Henrique Godoy · arXiv preprint, 2025

Extract-0 is a 7-billion parameter language model specifically optimized for document information extraction that achieves performance exceeding models with parameter counts several orders of magnitude larger. Through a novel combination of synthetic data generation, supervised fine-tuning with Low-Rank Adaptation (LoRA), and reinforcement learning via Group Relative Policy Optimization (GRPO), Extract-0 achieves a mean reward of 0.573 on a benchmark of 1,000 diverse document extraction tasks, outperforming GPT-4.1 (0.457), o3 (0.464), and GPT-4.1-2025 (0.459).
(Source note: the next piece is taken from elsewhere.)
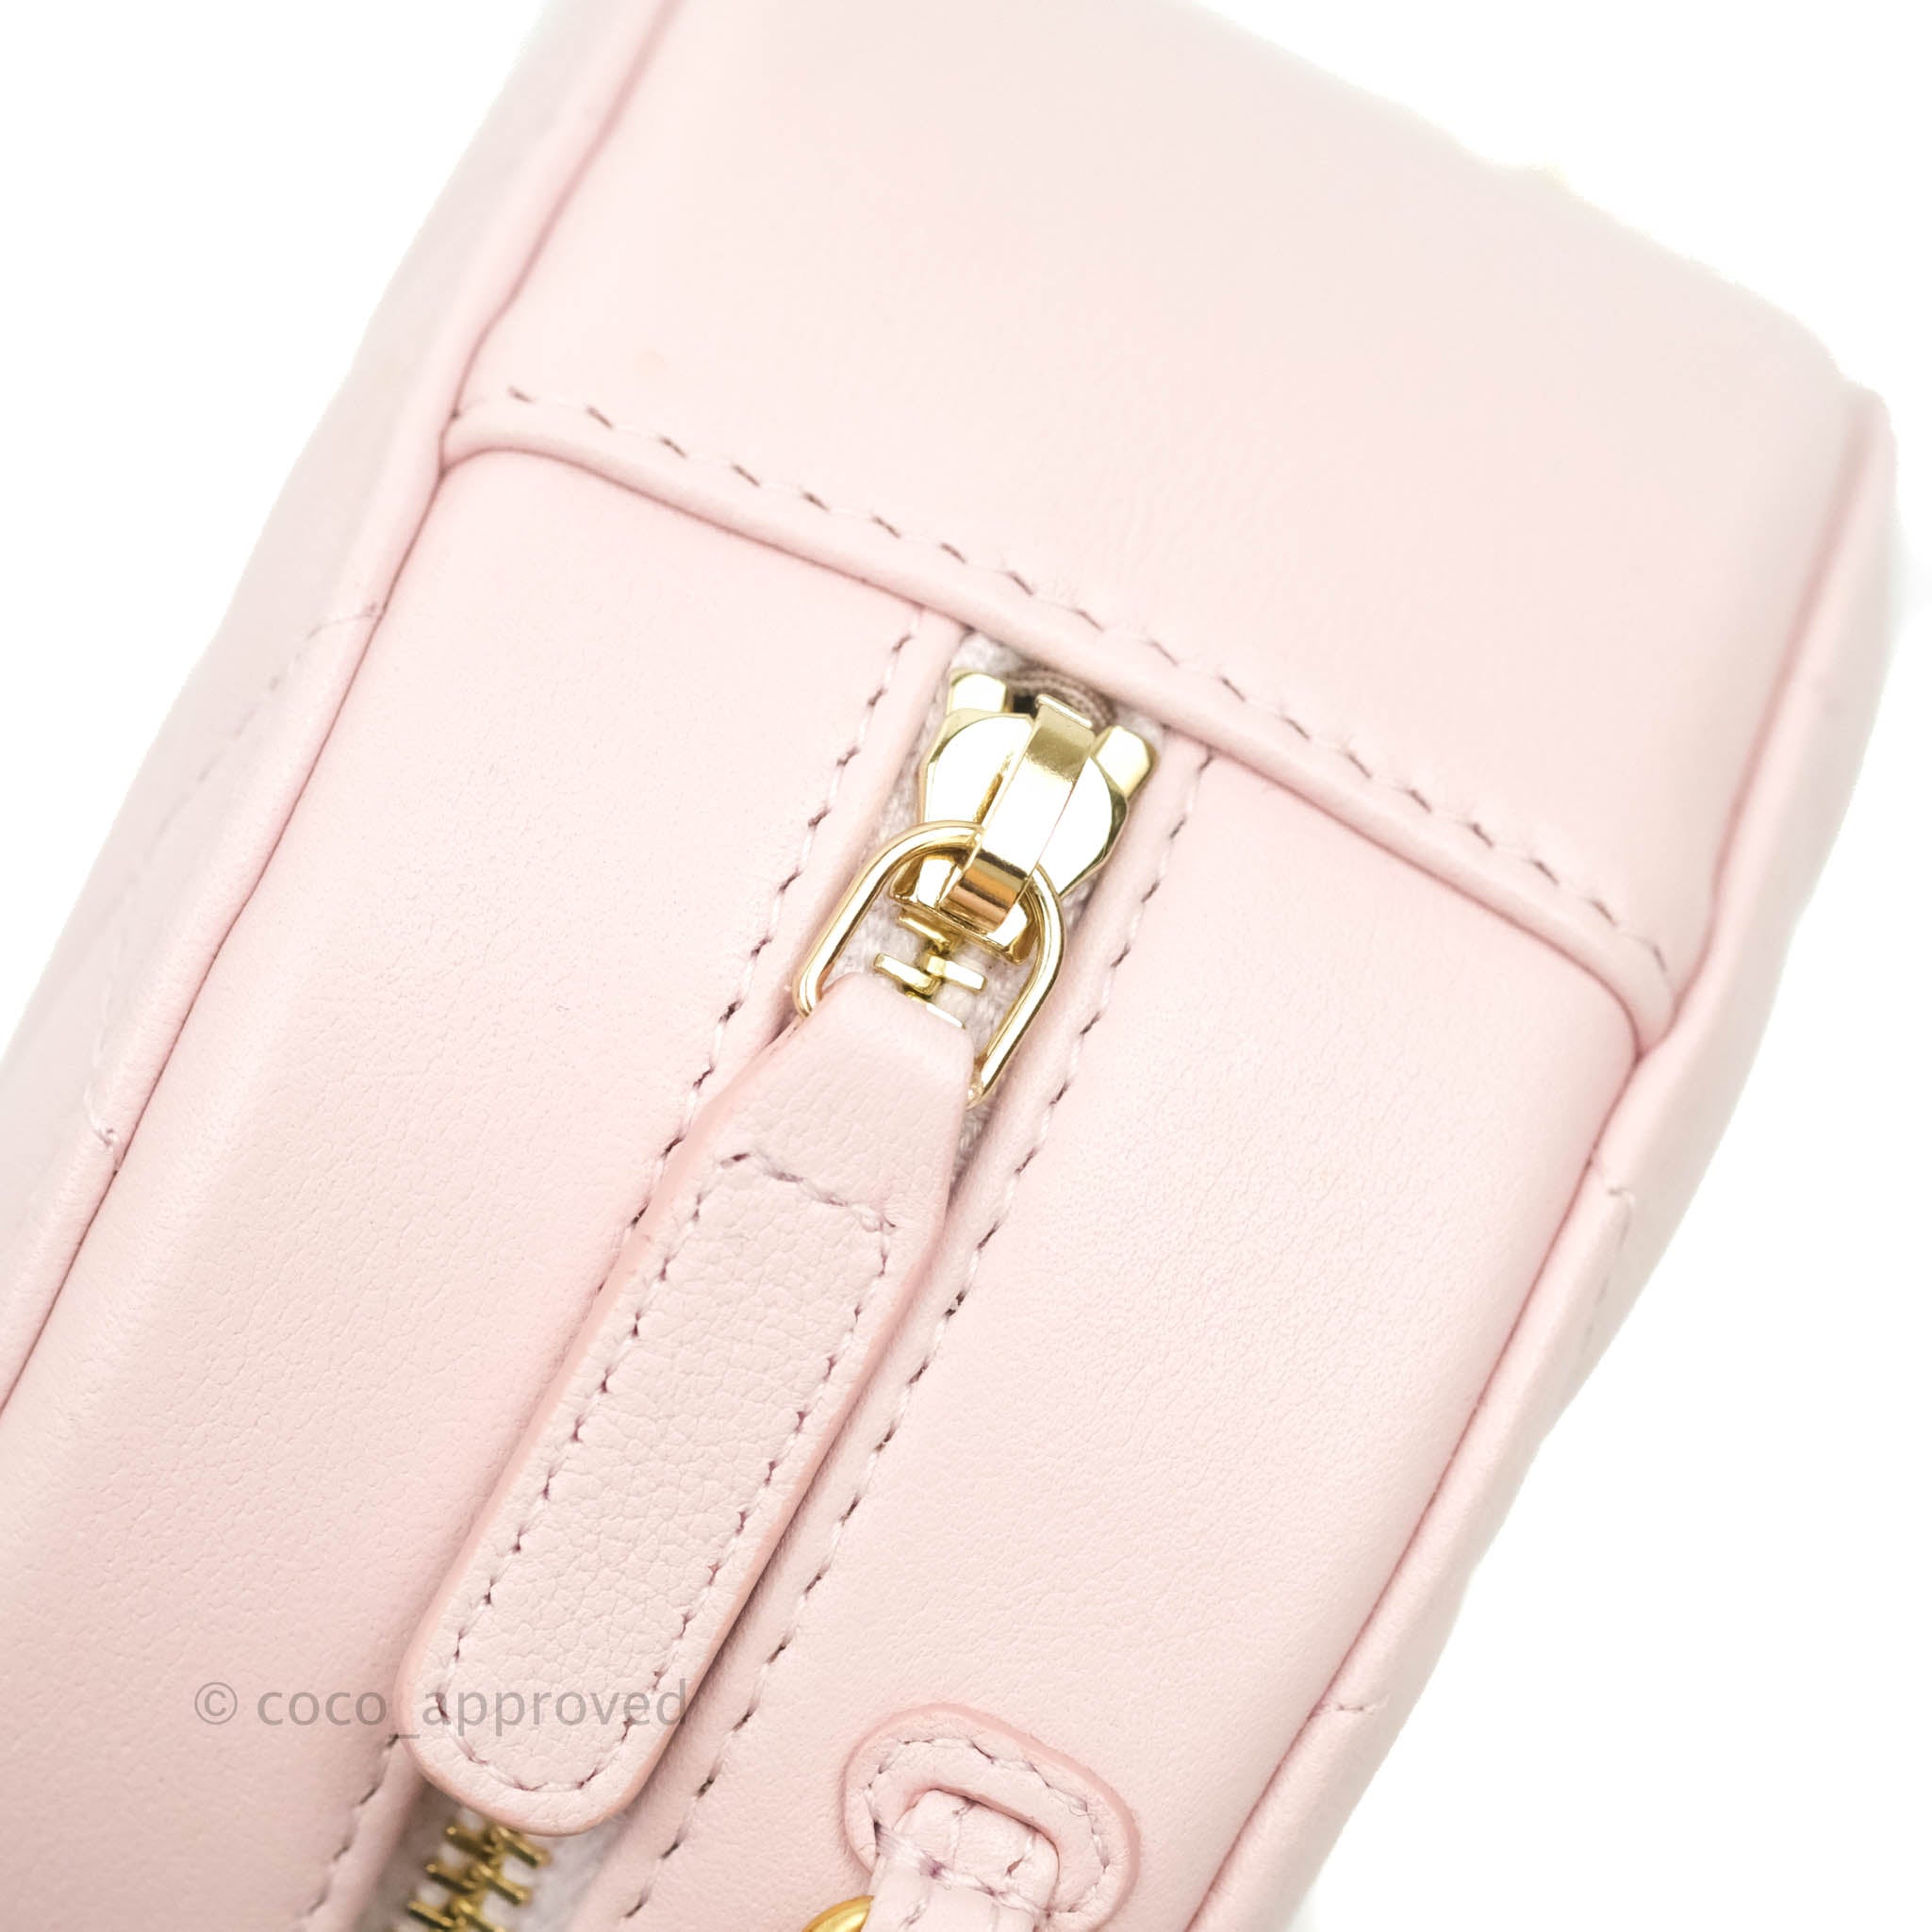 Chanel Clutch with Chain AP3010 B09158 NK343, Pink, One Size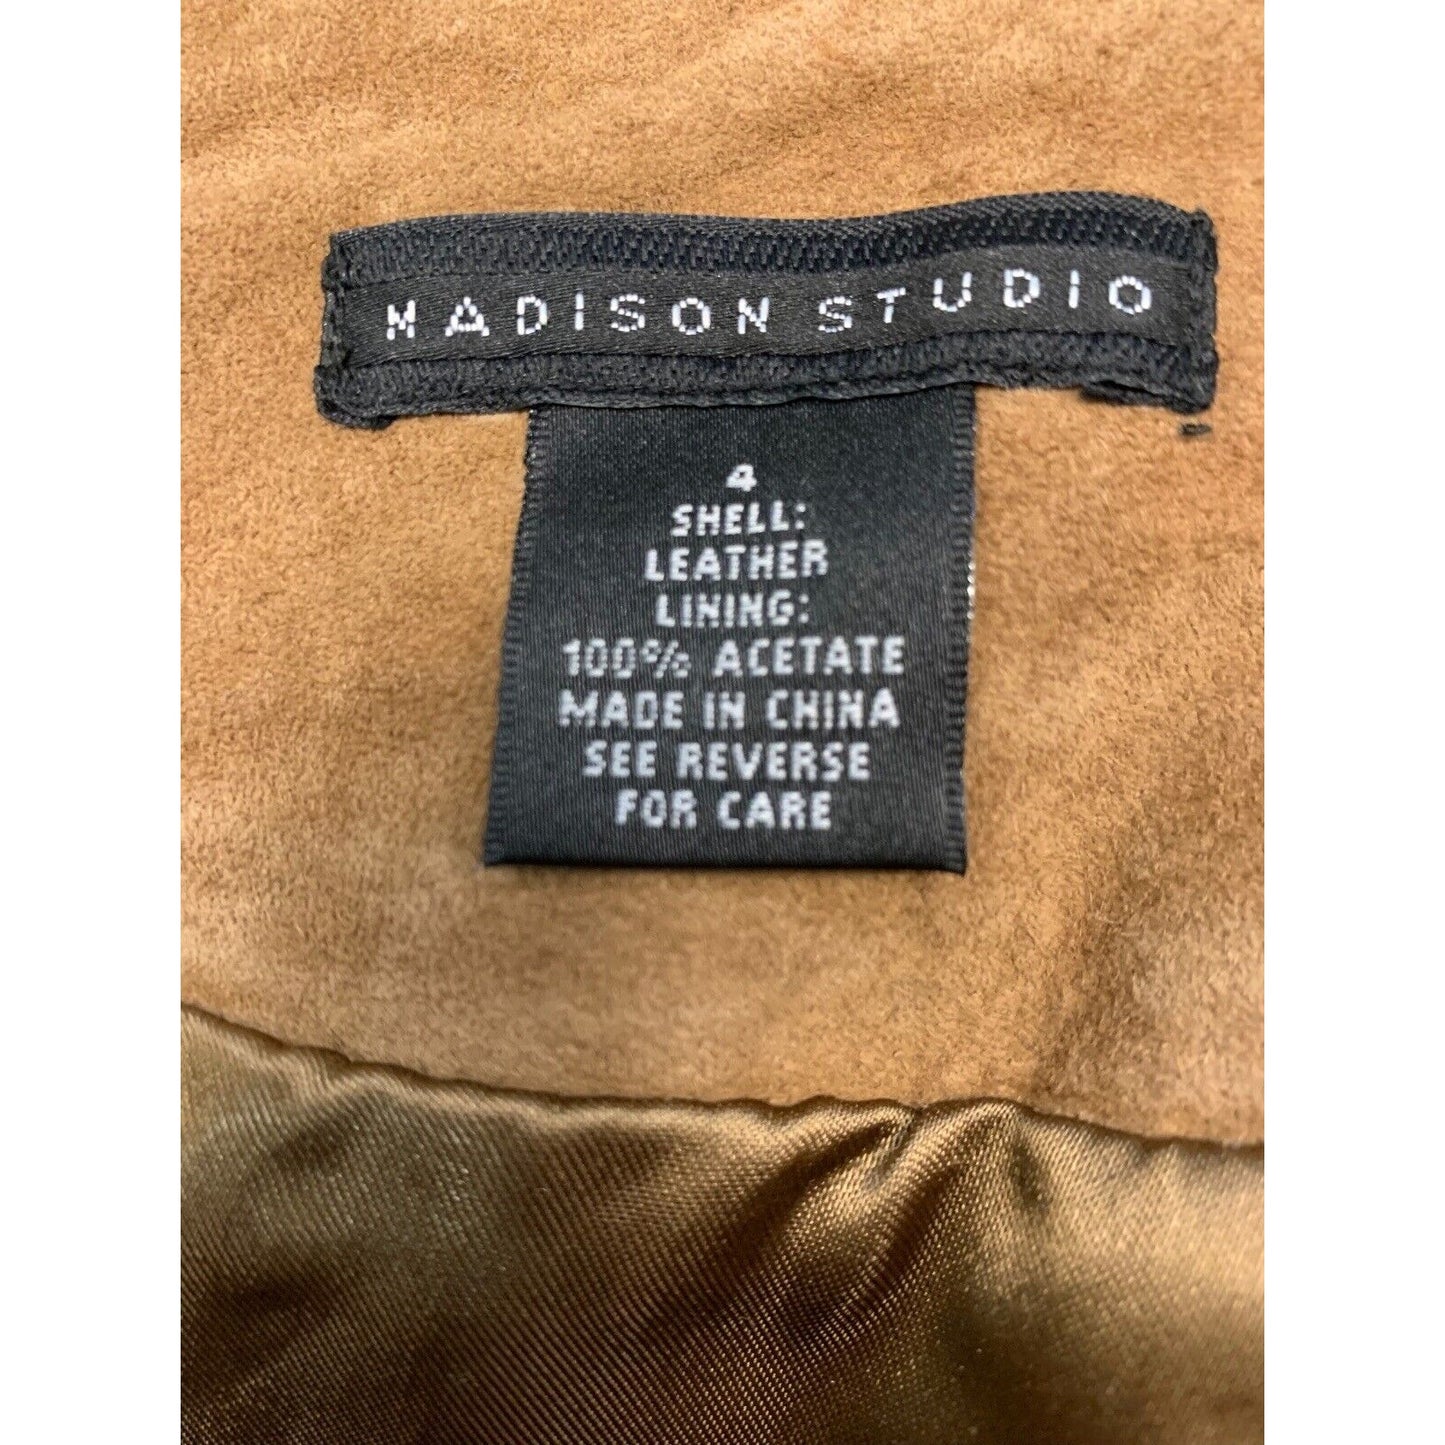 Brand Label, Size And Fabric Info Tags

The training methodology employs a memory-preserving synthetic data generation pipeline that produces 280,128 training examples from diverse document sources, followed by parameter-efficient fine-tuning that modifies only 0.53% of model weights (40.4M out of 7.66B parameters). The reinforcement learning phase introduces a novel semantic similarity-based reward function that handles the inherent ambiguity in information extraction tasks. This research demonstrates that task-specific optimization can yield models that surpass general-purpose systems while requiring substantially fewer computational resources.

BibTeX
@misc{godoy2025extract0,
  title={Extract-0: A Specialized Language Model for Document Information Extraction},
  author={Godoy, Henrique},
  year={2025},
  eprint={2509.22906},
  archivePrefix={arXiv},
  primaryClass={cs.CL},
  url={https://arxiv.org/abs/2509.22906}
}

Alvorada-Bench: Can Language Models Solve Brazilian University Entrance Exams?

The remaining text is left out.